» **Stored data**

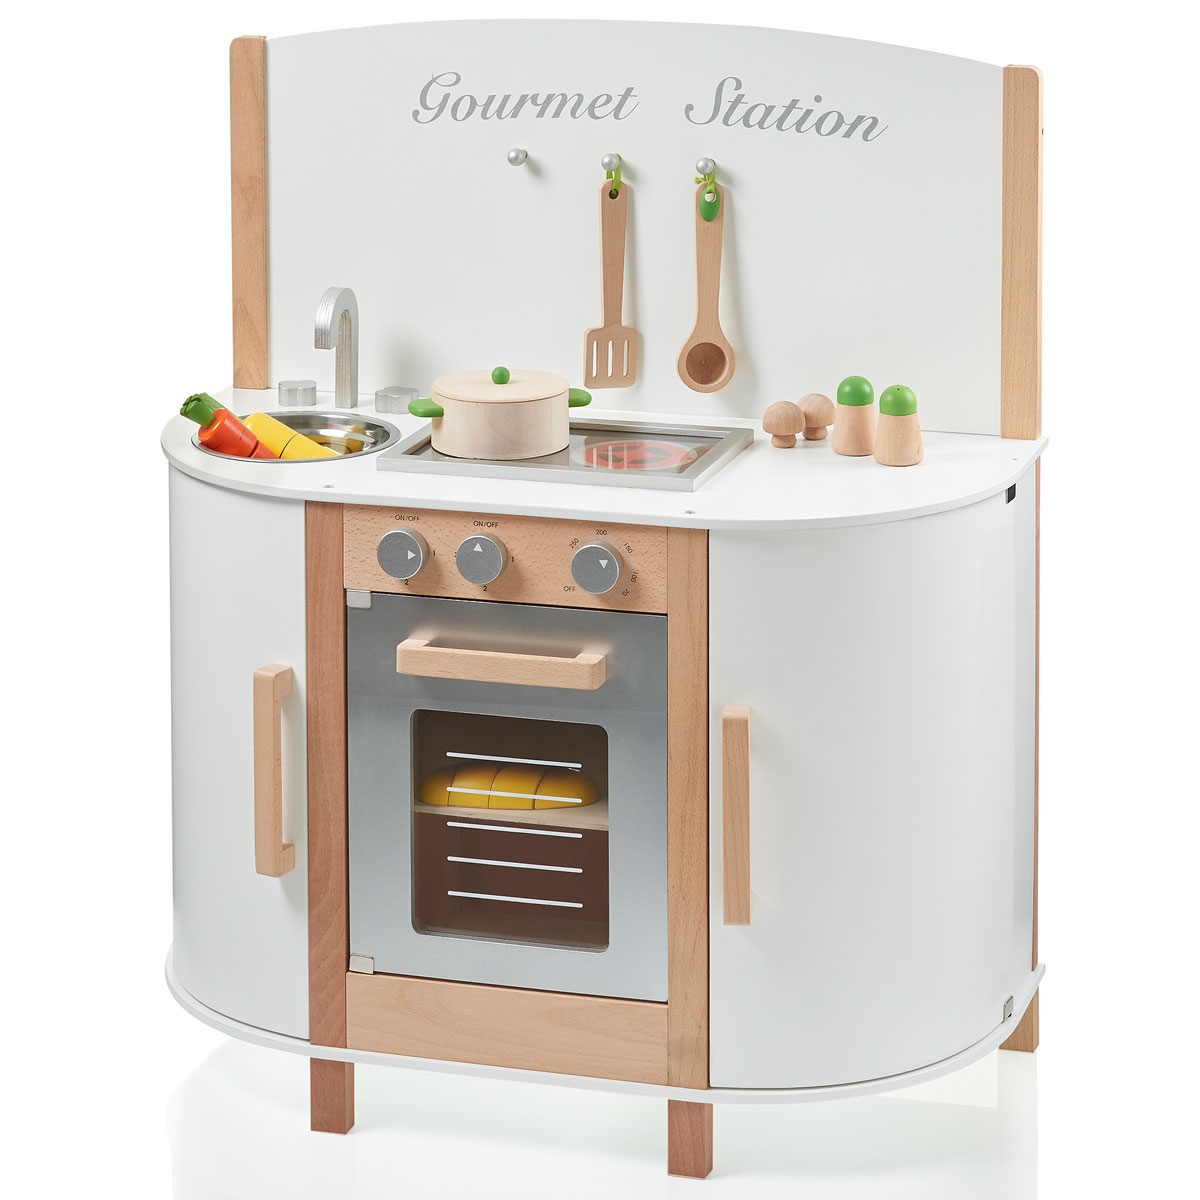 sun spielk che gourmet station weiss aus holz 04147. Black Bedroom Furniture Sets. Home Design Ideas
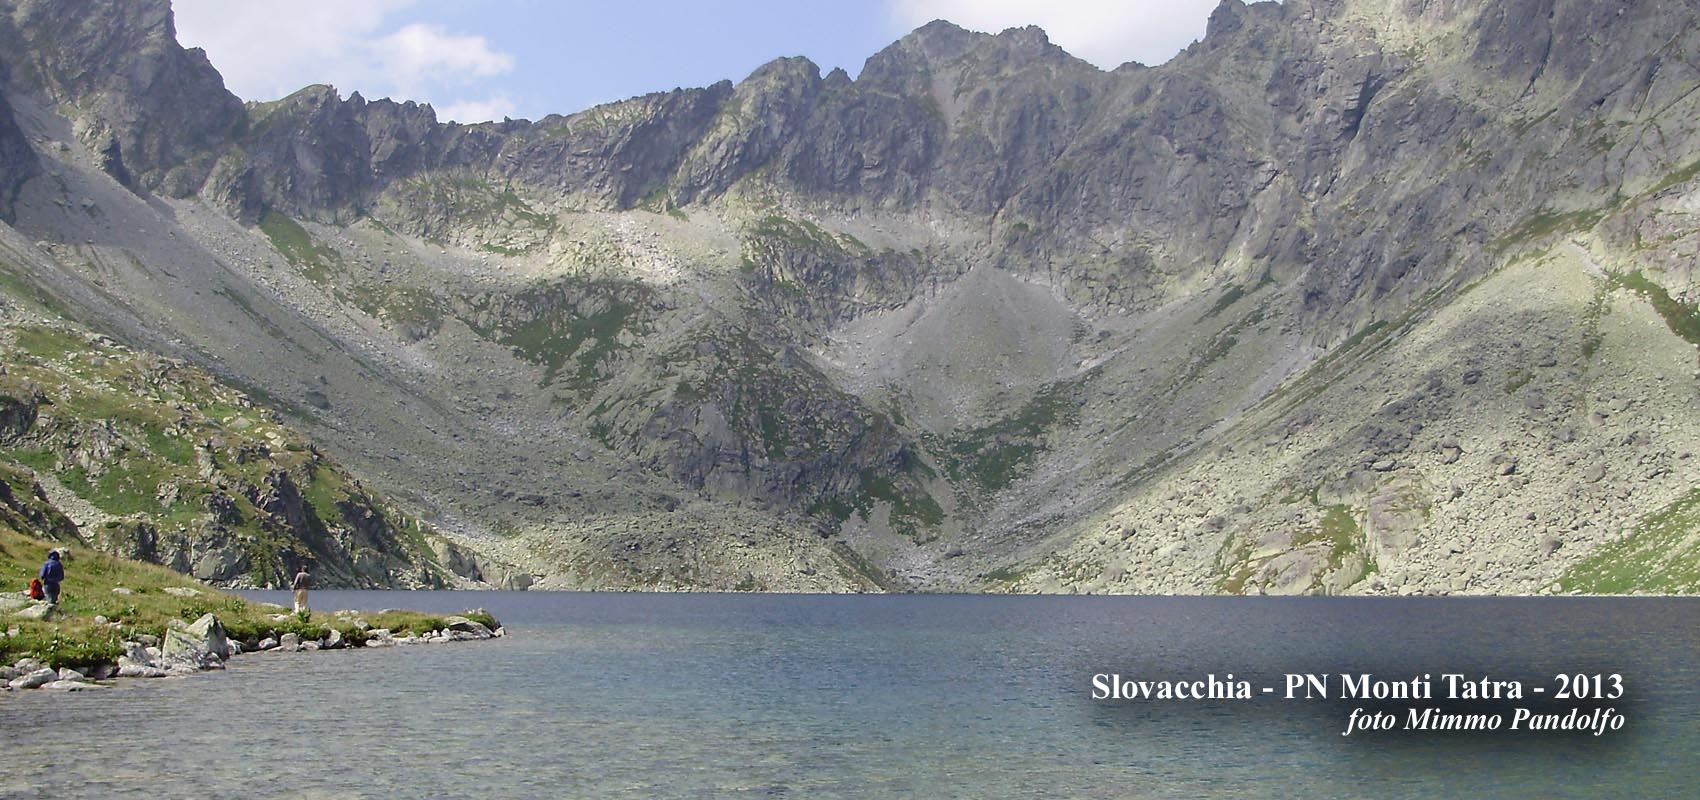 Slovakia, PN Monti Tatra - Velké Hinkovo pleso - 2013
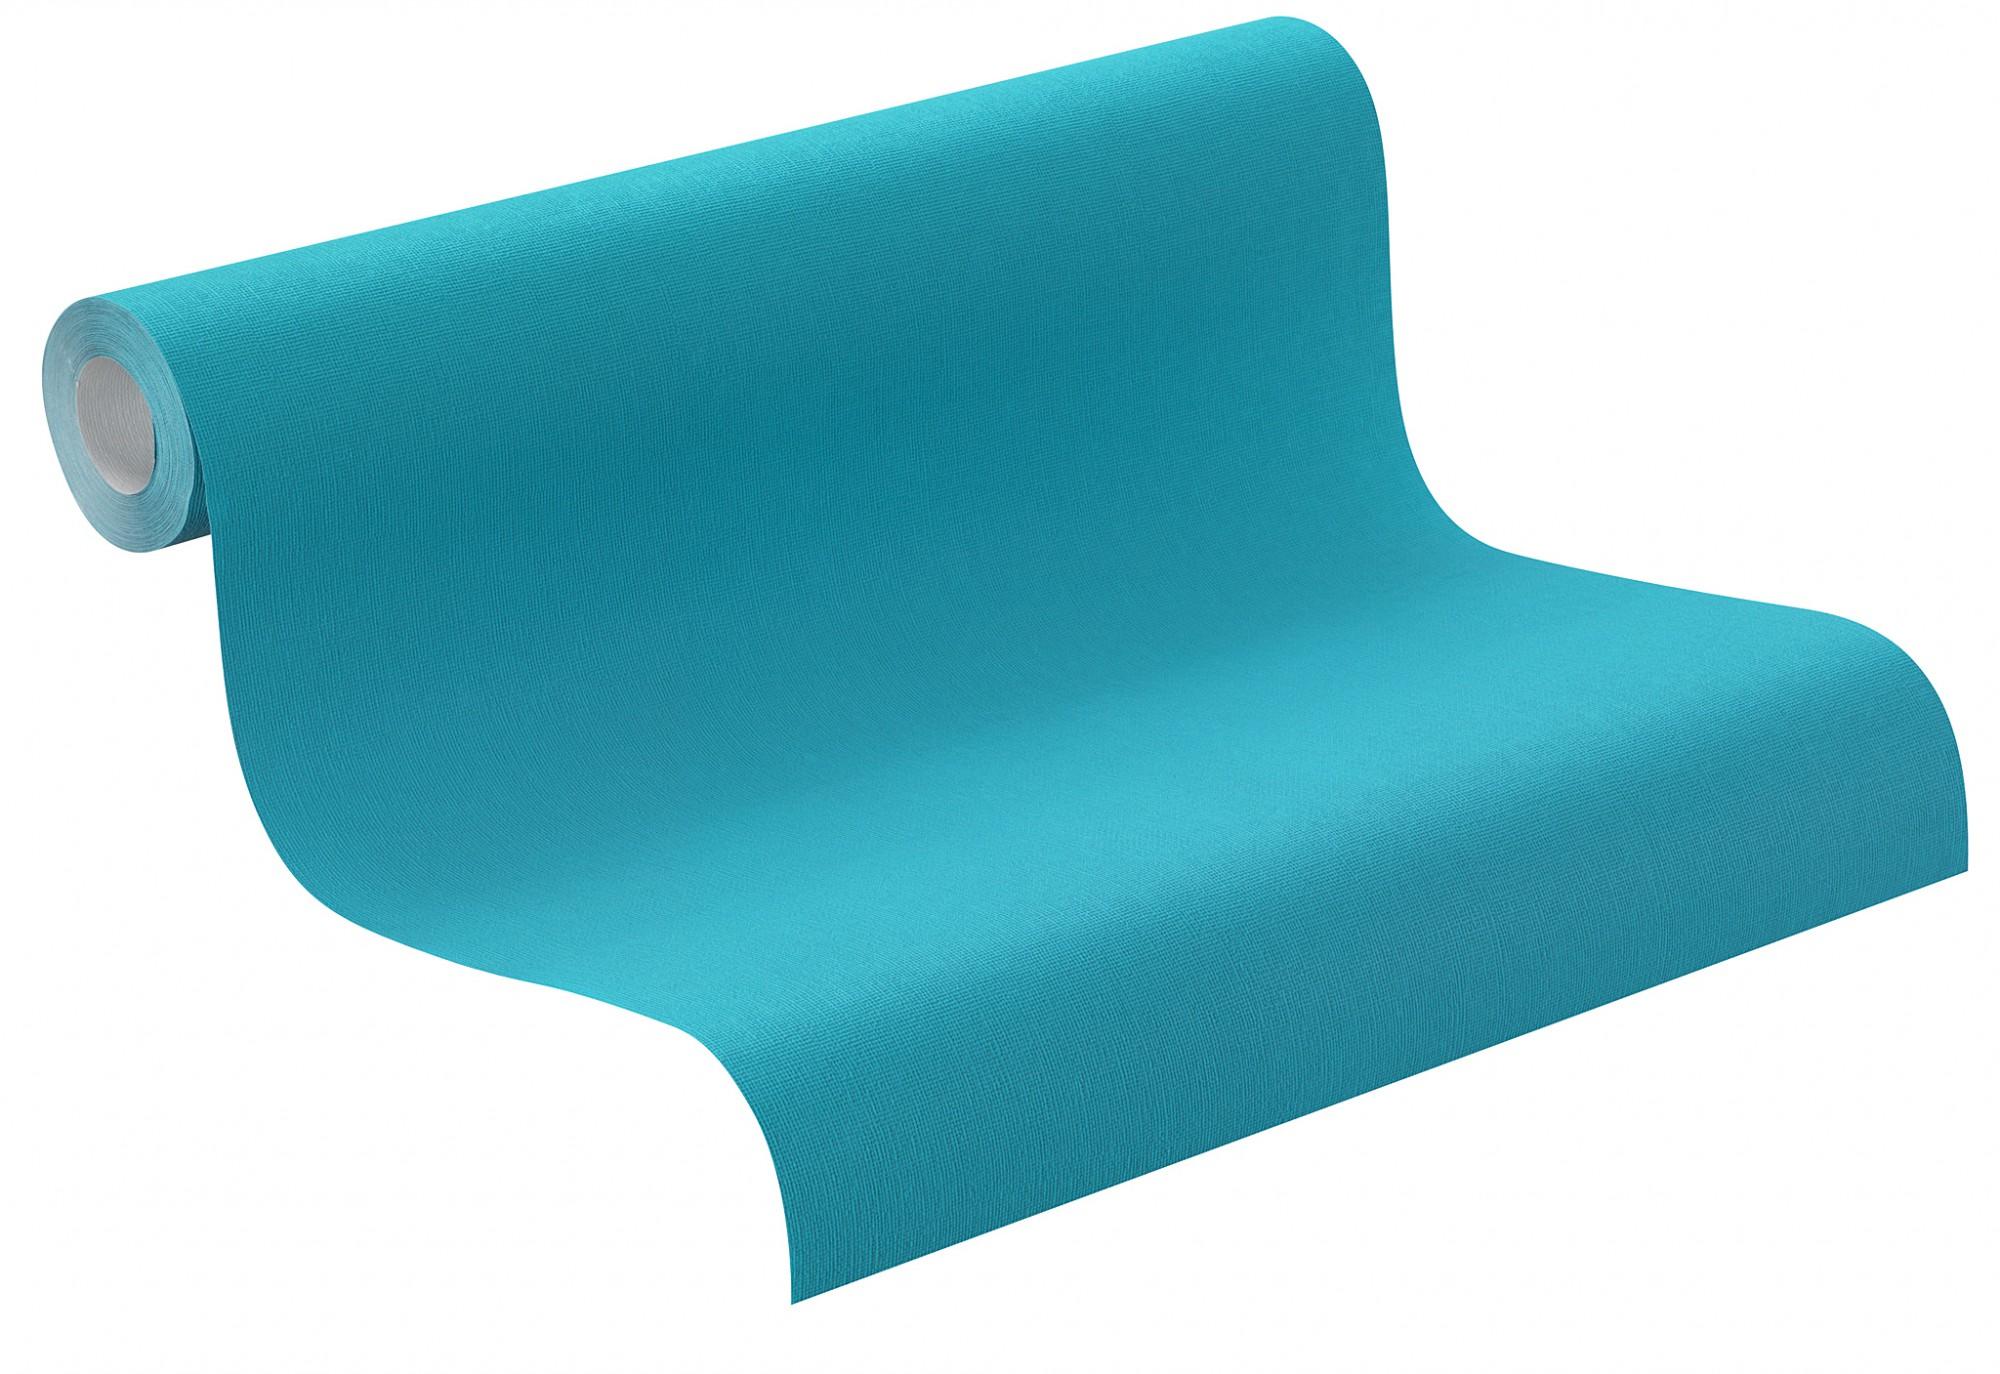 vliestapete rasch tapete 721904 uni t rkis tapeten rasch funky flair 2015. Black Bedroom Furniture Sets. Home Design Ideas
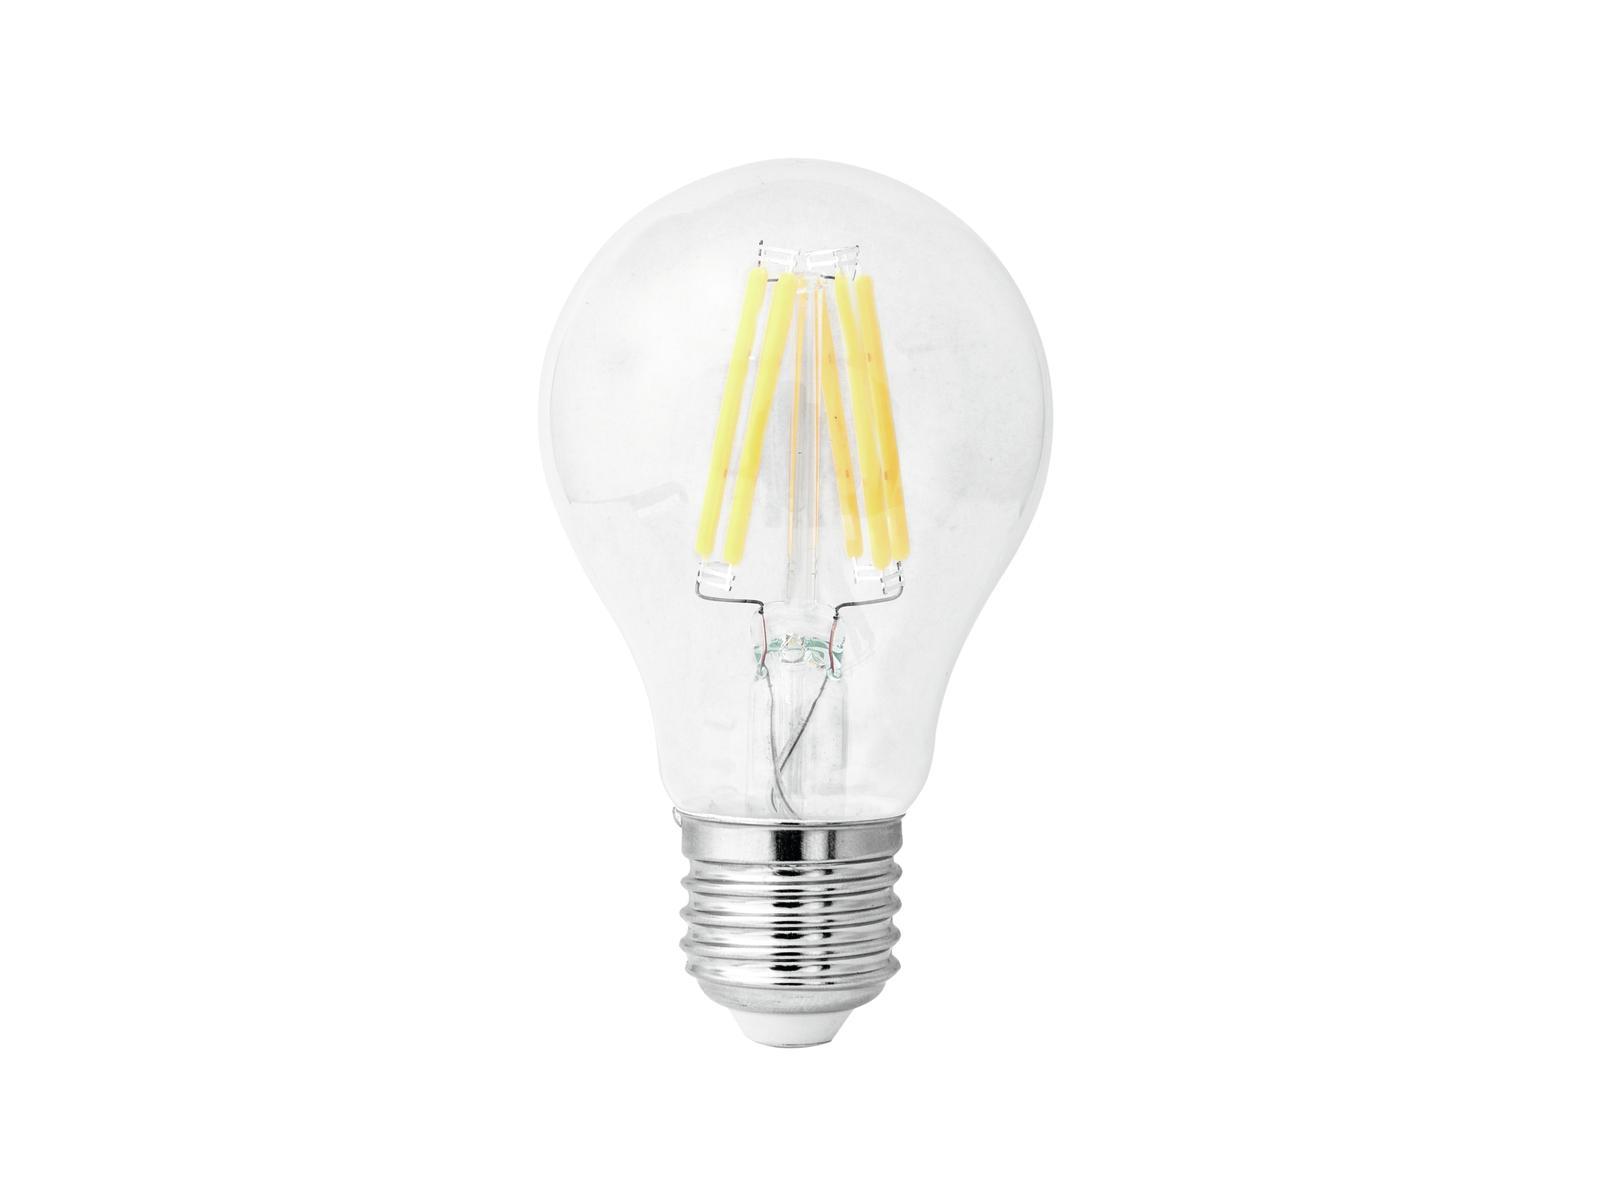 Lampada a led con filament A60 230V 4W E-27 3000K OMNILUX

» **What the task requires**
The expected answer is an unaltered copy of the listing, images removed.

» **Response box**
 sun spielk che gourmet station weiss aus holz 04147. Black Bedroom Furniture Sets. Home Design Ideas
 Slovakia, PN Monti Tatra - Velké Hinkovo pleso - 2013
 vliestapete rasch tapete 721904 uni t rkis tapeten rasch funky flair 2015. Black Bedroom Furniture Sets. Home Design Ideas
 Lampada a led con filament A60 230V 4W E-27 3000K OMNILUX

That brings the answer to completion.